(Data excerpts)
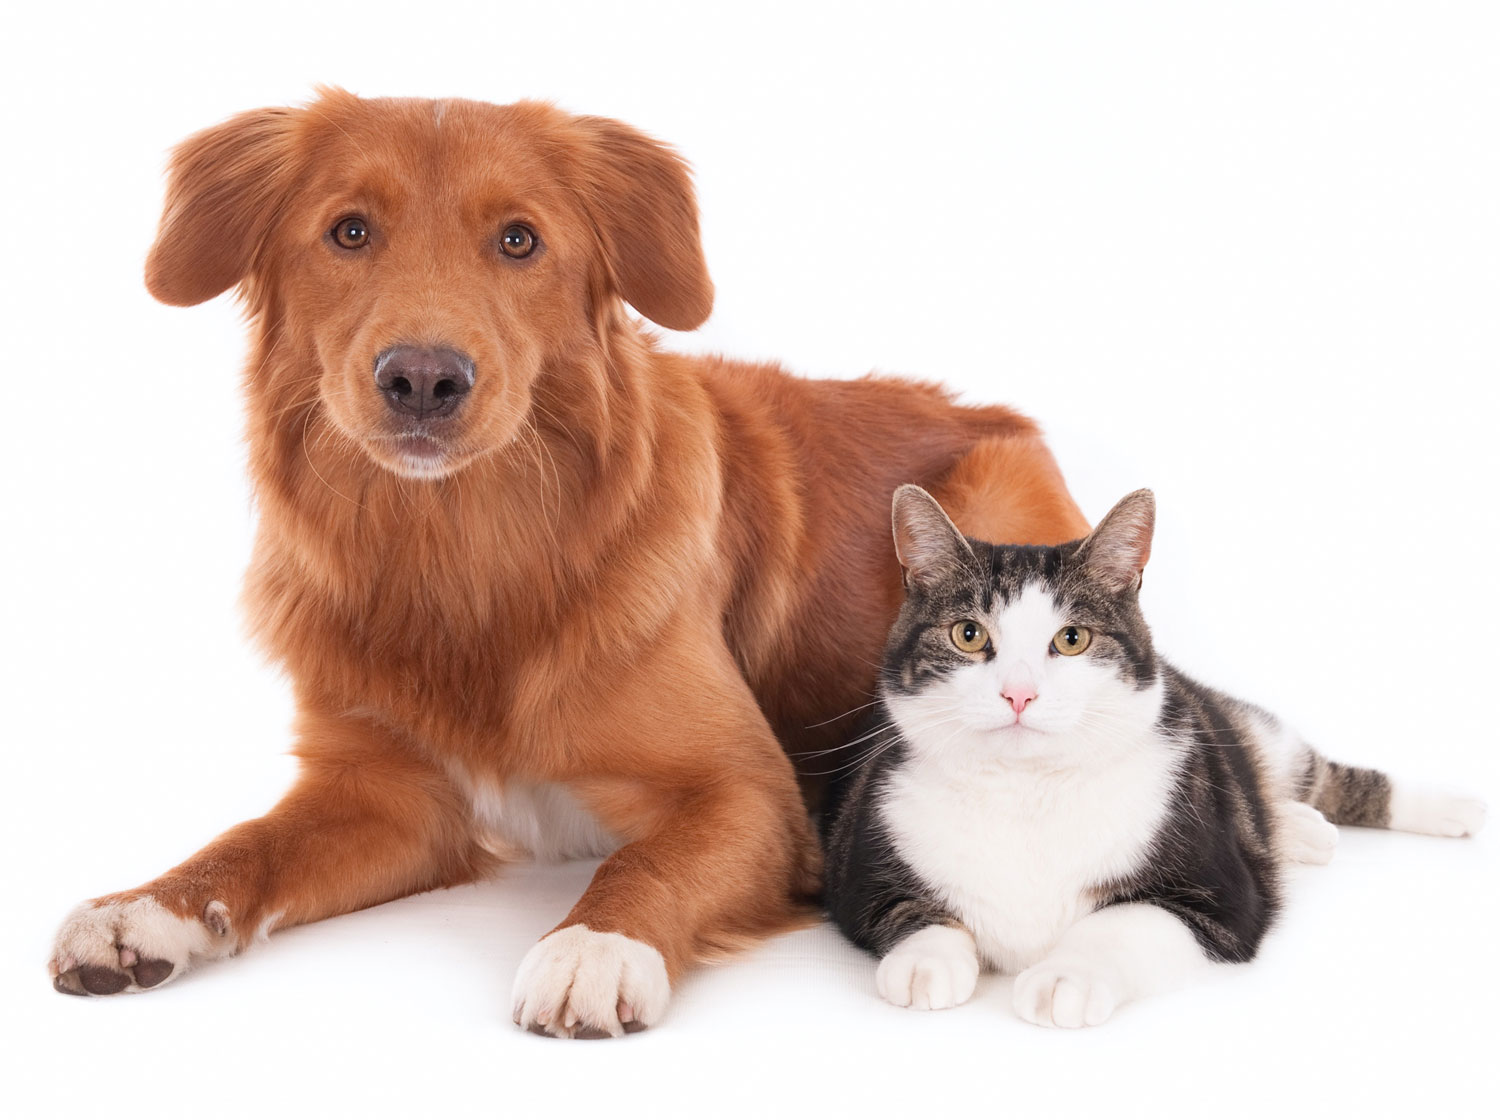 retriever and cat sitting side by side
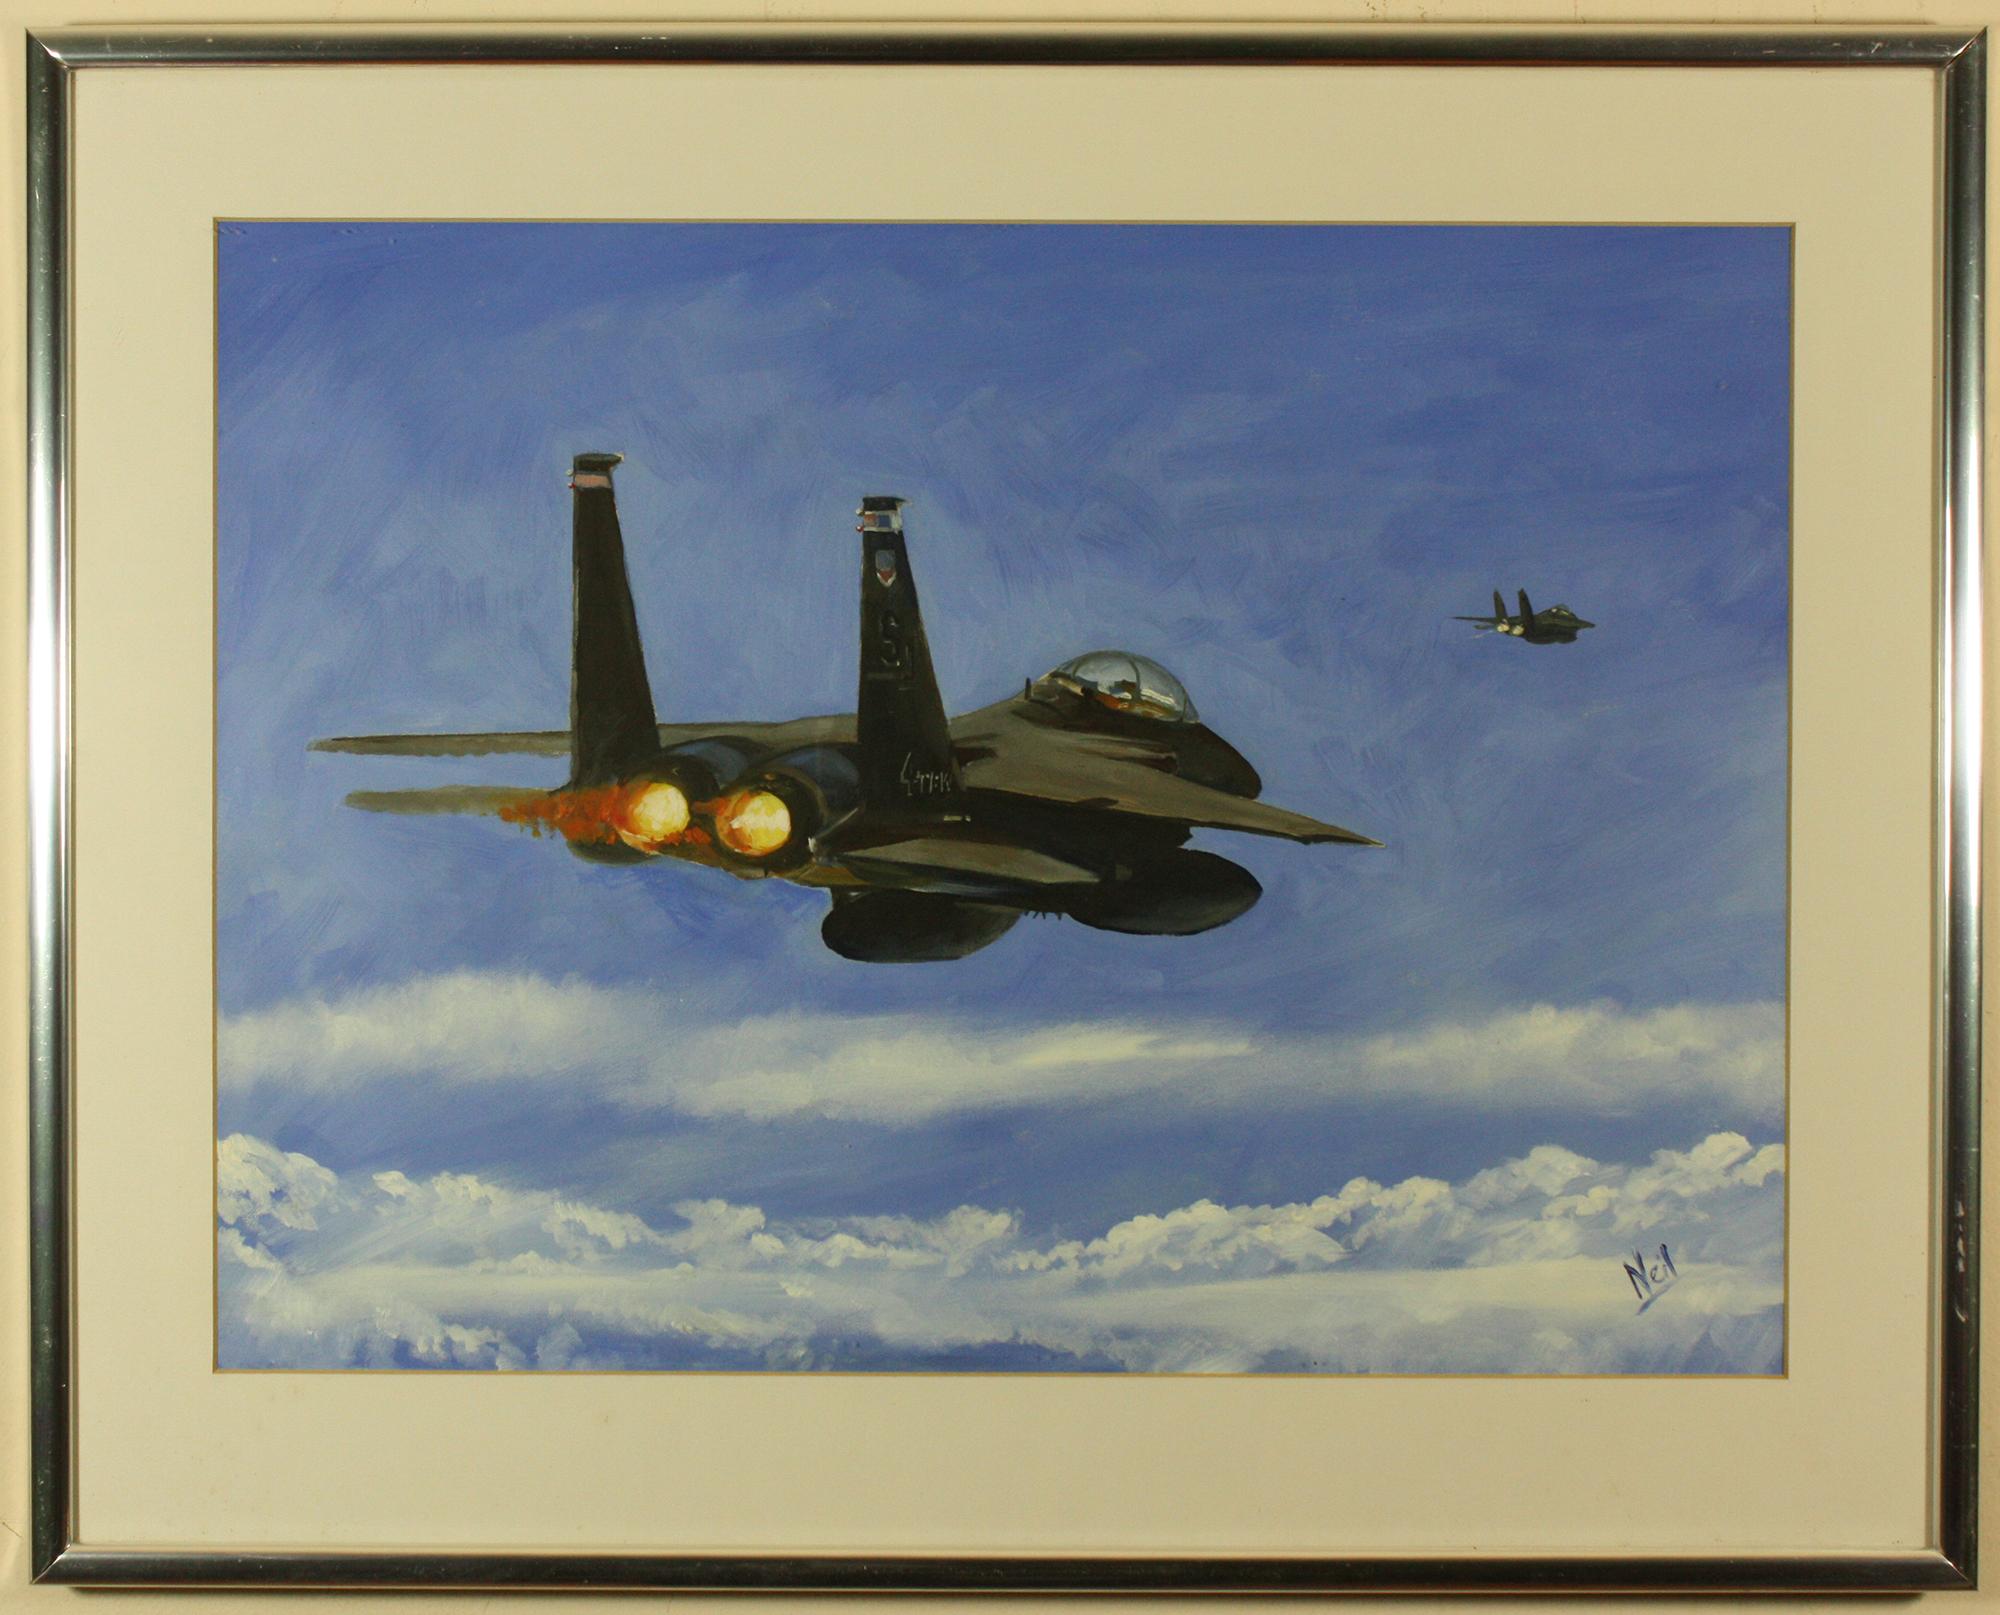 McDonnell Douglas F15 Strike Eagle by Neil Lenard
Acrylic on Paper
Image Size  14.5 ins by 20 ins
Overall Frame Size  20 ins by 25 ins

The F-15E Strike Eagle is a twin-engine, all weather fighter that is the backbone for the Air Force’s air
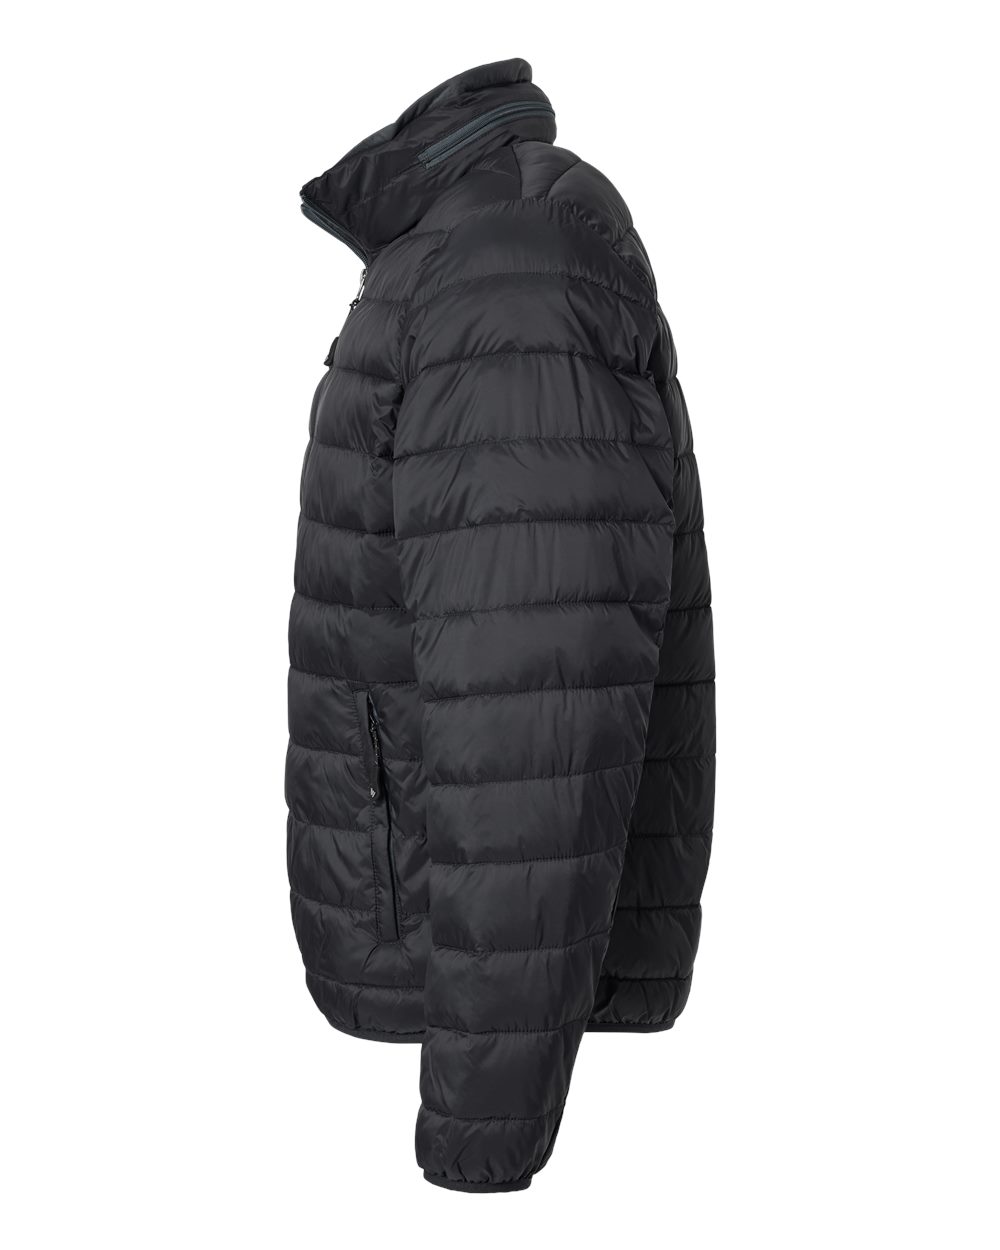 Long-Sleeved Pillow Puffer Jacket - Ready to Wear
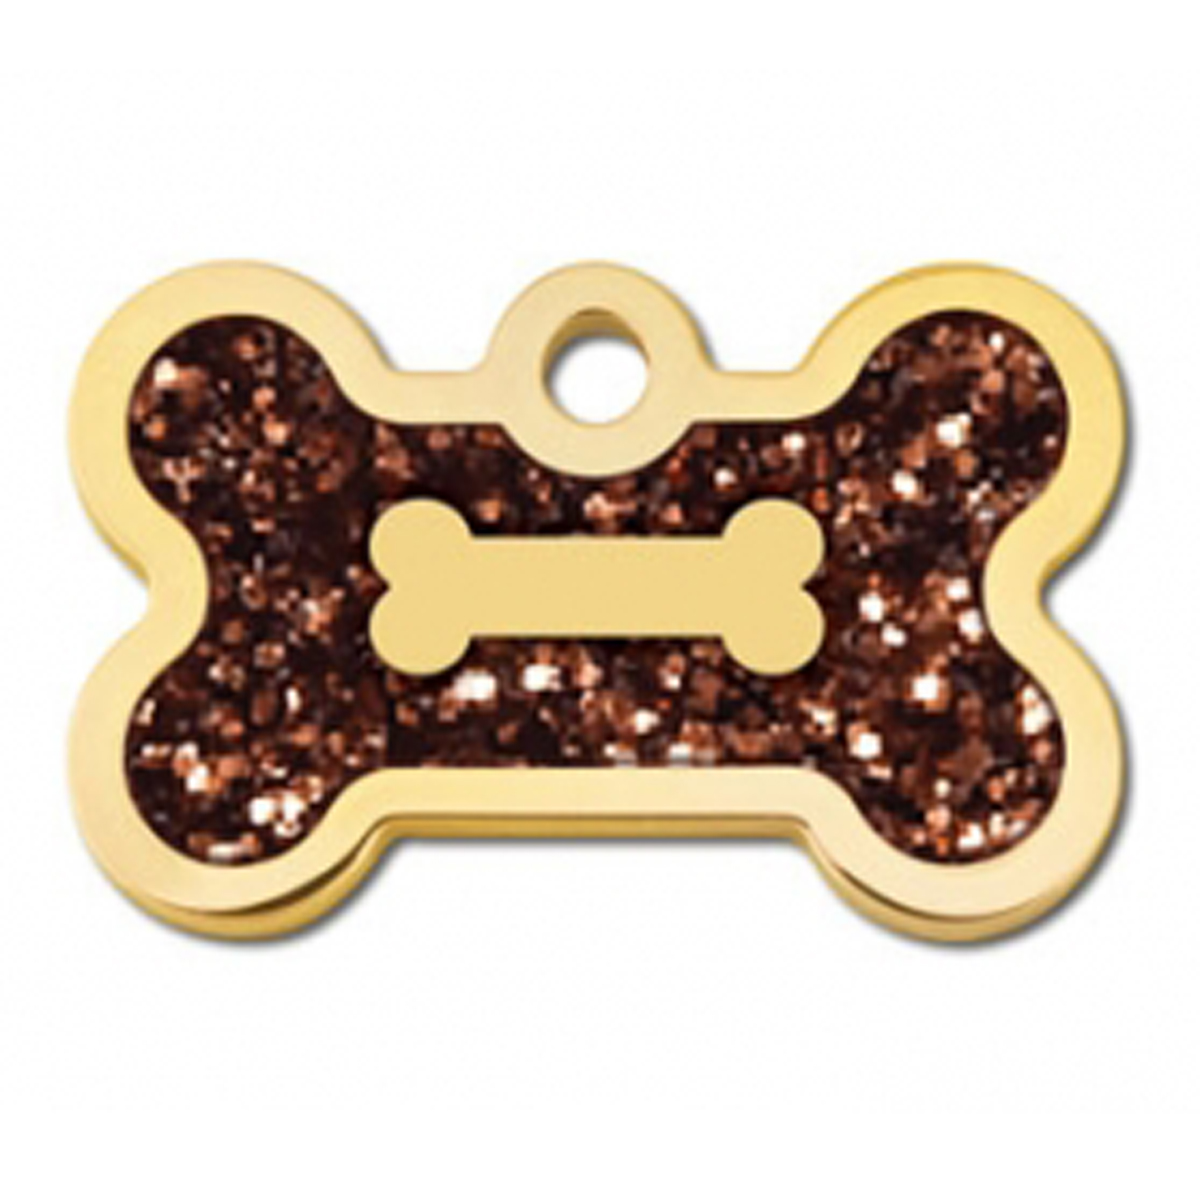 Bone Small Engravable Pet I.D. Tag - Gold and Bronze Glitter

**WHAT YOU WILL DO**
If pictures appear among the records, do not carry them over; retype the rest exactly.

**EXERCISE RESULT**
 retriever and cat sitting side by side
 McDonnell Douglas F15 Strike Eagle by Neil Lenard
Acrylic on Paper
Image Size  14.5 ins by 20 ins
Overall Frame Size  20 ins by 25 ins

The F-15E Strike Eagle is a twin-engine, all weather fighter that is the backbone for the Air Force’s air
 Long-Sleeved Pillow Puffer Jacket - Ready to Wear
 Bone Small Engravable Pet I.D. Tag - Gold and Bronze Glitter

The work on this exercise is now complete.